This article is an insight into data ingestion. It will answer your queries such as What is data ingestion? What are the present challenges organizations are facing ingesting data in real-time and in batches? How to pick the right data ingestion tool? and such.

So, without further ado. Let’s get started.

1. What is Data Ingestion?

Data Ingestion is the process of streaming massive amounts of data into our system from several different external sources for running analytics and other data-related operations as required by the business.

Businesses do this to extract meaningful information from massive amounts of data that enables them to make future business decisions.

1.1 Where Does this Massive Amount Of Data Come From?

The data is primarily user-generated, generated from IoT devices, social networks and such, that is continually recorded helping our systems evolve resulting in an enhanced user experience.

Data ingestion is one part of a much bigger data processing system.
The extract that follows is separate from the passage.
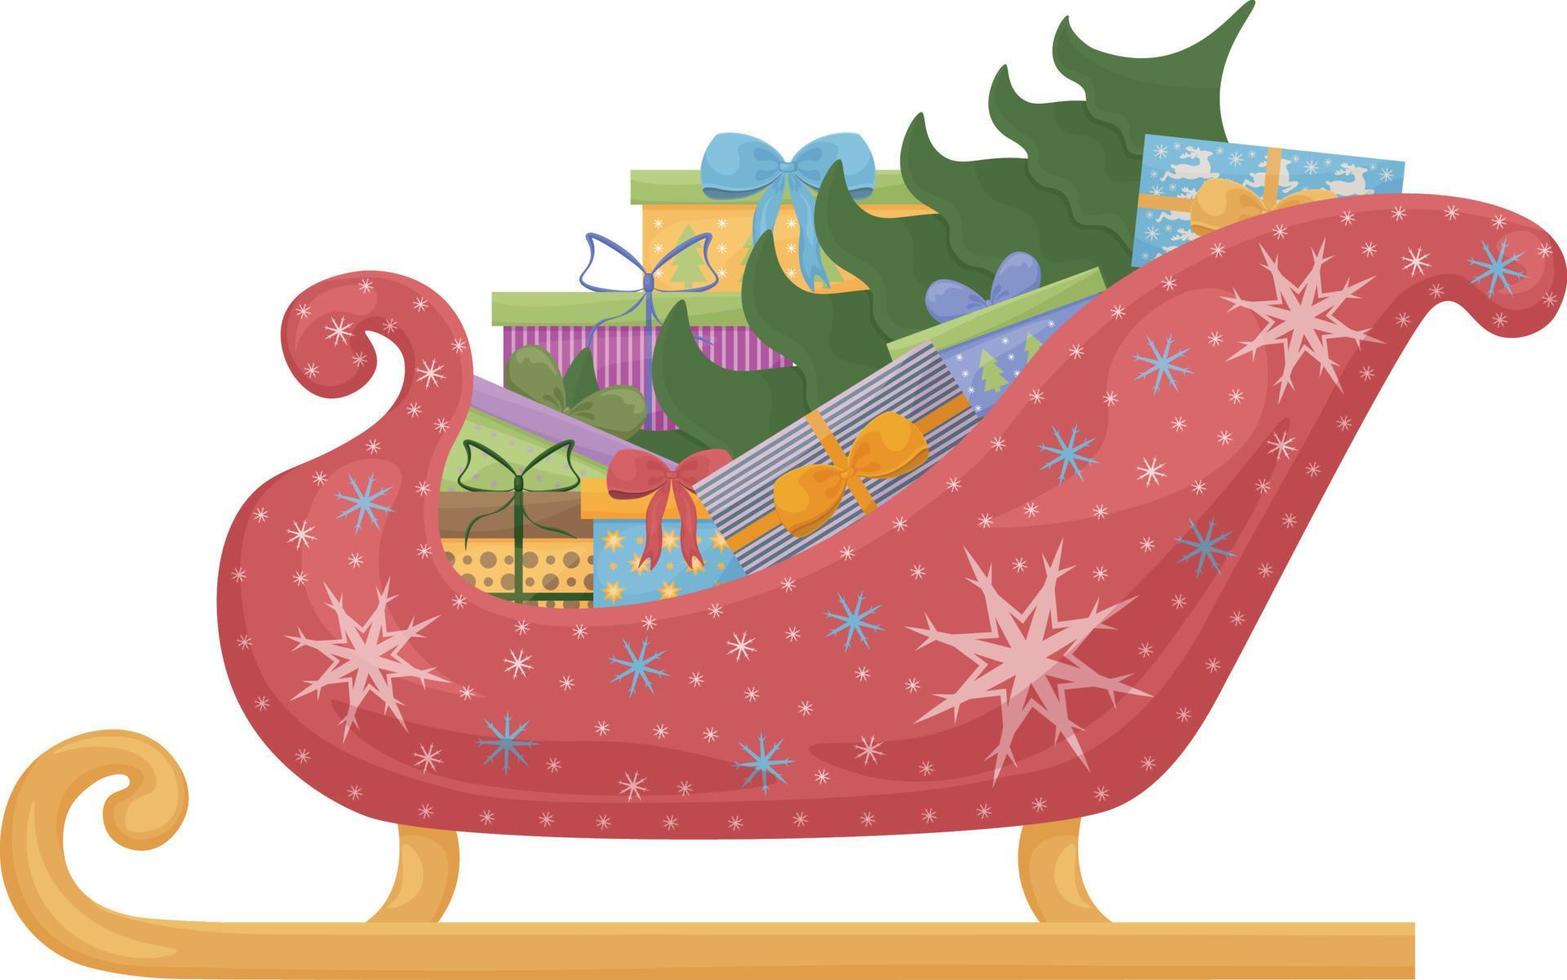 Santa Claus sleigh with gift boxes and a Christmas tree. Santa s bright red sleigh decorated with white and blue snowflakes. Santa Claus Christmas transport. Vector illustration isolated
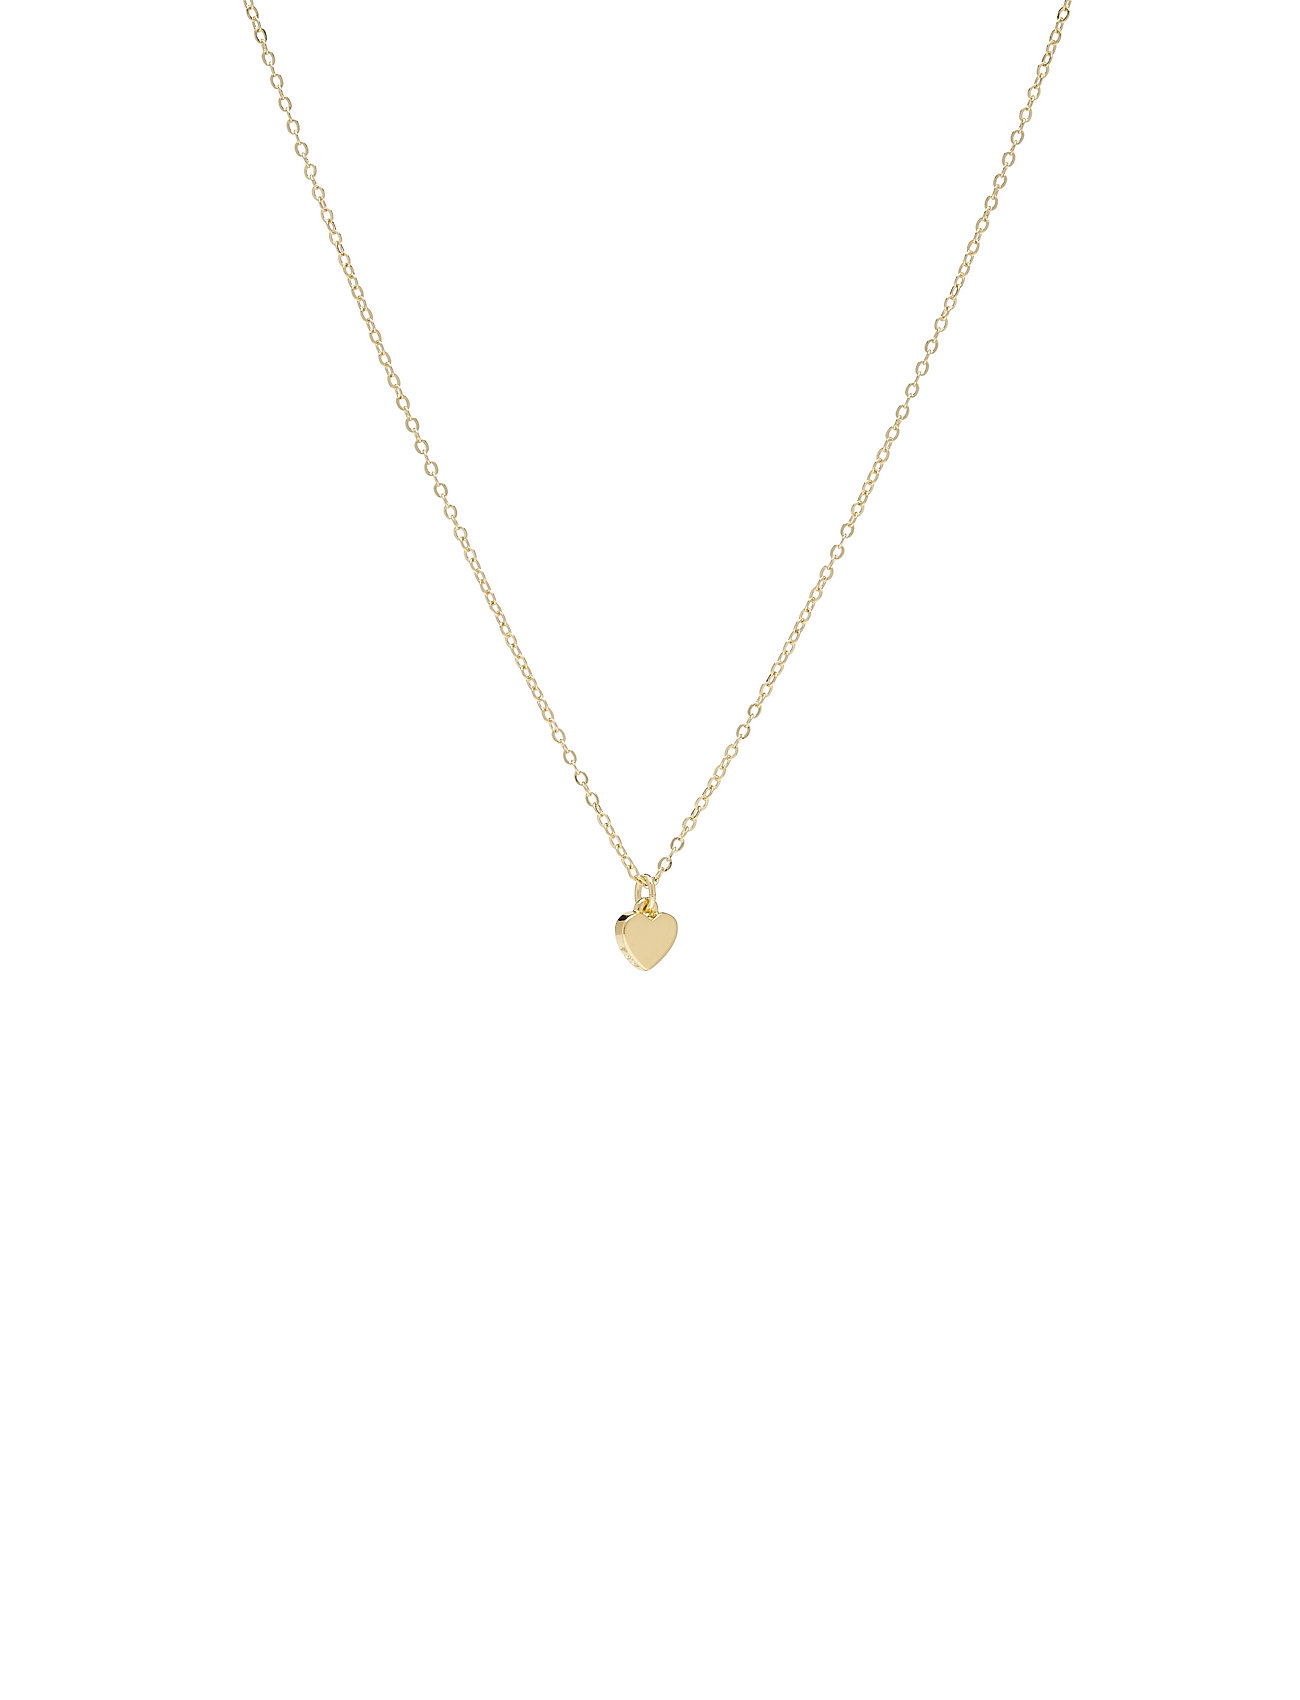 Hara Accessories Jewellery Necklaces Dainty Necklaces Kulta Ted Baker

Big data moves into our system through a data pipeline through several different stages.

In the entire big data processing setup there are several different layers involved such as the data collection layer, data query layer, data processing, data visualization, data storage and the data security layer.

1.2 What are the Different Ways of Ingesting Data?

Data ingestion can be done in either real-time or in batches at regular intervals. This entirely depends on the business use case.

Real-time data Ingestion is typically preferred in systems where it is critical to get the latest data as soon as possible, for instance, getting access to medical data like heartbeat, blood pressure, etc. from medical IoT sensors, financial data involving stock market events, etc. Time is of the essence here.

On the contrary in systems that read trends over time, for instance, estimating the popularity of a sport in a certain geographic region over a period of time, the data can be ingested in batches.

1.3 Why Is Data Ingestion Important?

Businesses need to study data to make future plans and projections. This helps them understand the customer’s needs and behaviors. This enables businesses to create better products, make smarter decisions, run better ad campaigns, provide accurate user recommendations and such. And this eventually results in better customer-centric products with increased customer loyalty.

Another use case of data ingestion is infrastructure monitoring. Keeping an eye on the data streaming in, getting an ‘everything is okay’ signal from IoT devices used by millions of customers helps us track the service efficiency.

Besides data streaming in from external sources, it can also be streamed in from different internal system components into a central pipeline, for instance, a log pipeline that ingests logs from different system components or services.

This facilitates better log management by streaming logs into a log processing system like the ELK stack. Let’s peek further into real-world industry data ingestion use cases.

2. Real-World Industry Data Ingestion Use Cases

Moving Massive Amounts of Big Data into Hadoop

Moving big data through data pipelines into a distributed data processing framework like Hadoop is the most common use case of data ingestion.

Moving Data from Databases to Elastic Search Server

To power the search component in web applications data from different databases in a distributed service is streamed into the Elasticsearch server. And this happens continually at stipulated intervals. All the search results are powered by the search server.

Log Processing And Running Log Analytics Systems

Most popular real-world services are distributed in nature with several hundreds, even thousands of microservices running in conjunction. With so many services, there is a massive number of logs that are generated over time.

All the logs are streamed to a central place to run analytics on with the help of solutions like the ELK stack.

Stream Processing Engines For Real-Time Events

Low-latency real-time streaming and data processing is key in systems handling LIVE information such as sports and news. It’s imperative that the application architecture in place is efficient enough to ingest data and analyze it at the required speed. Data ingestion is a key thing here as well.

If you wish to take a deep dive into how real-time streaming systems are designed and more, check out my distributed systems design course here.

Let’s talk about some of the challenges development teams face while ingesting data.

3. Challenges Businesses Face When Ingesting Data

Slow Process

Data ingestion is a slow process. How exactly? When data is streamed from several different sources into the system, data incoming from different sources has a different format, syntax, attached metadata and so on. The data as a whole is heterogeneous. It has to be transformed into a standard format like JSON or something to be understood by the system.

The conversion of data is a tedious process. It takes quite a lot of computing power and time. Flowing data has to be staged at several stages in the pipeline, processed and then pushed ahead.

Also, at every stage data has to be authenticated and verified as well to comply with the organization’s security standards. With the traditional data cleansing processes, it takes weeks if not months to get useful information on hand. Traditional data ingestion systems like ETL ain’t that effective anymore when we require data ASAP.

Complex and Expensive

As discussed above the entire data flow process is resource-intensive. A lot of heavy lifting has to be done to prepare the data before being ingested into the system. Also, it isn’t a side process. An entire dedicated team is required to execute something like this.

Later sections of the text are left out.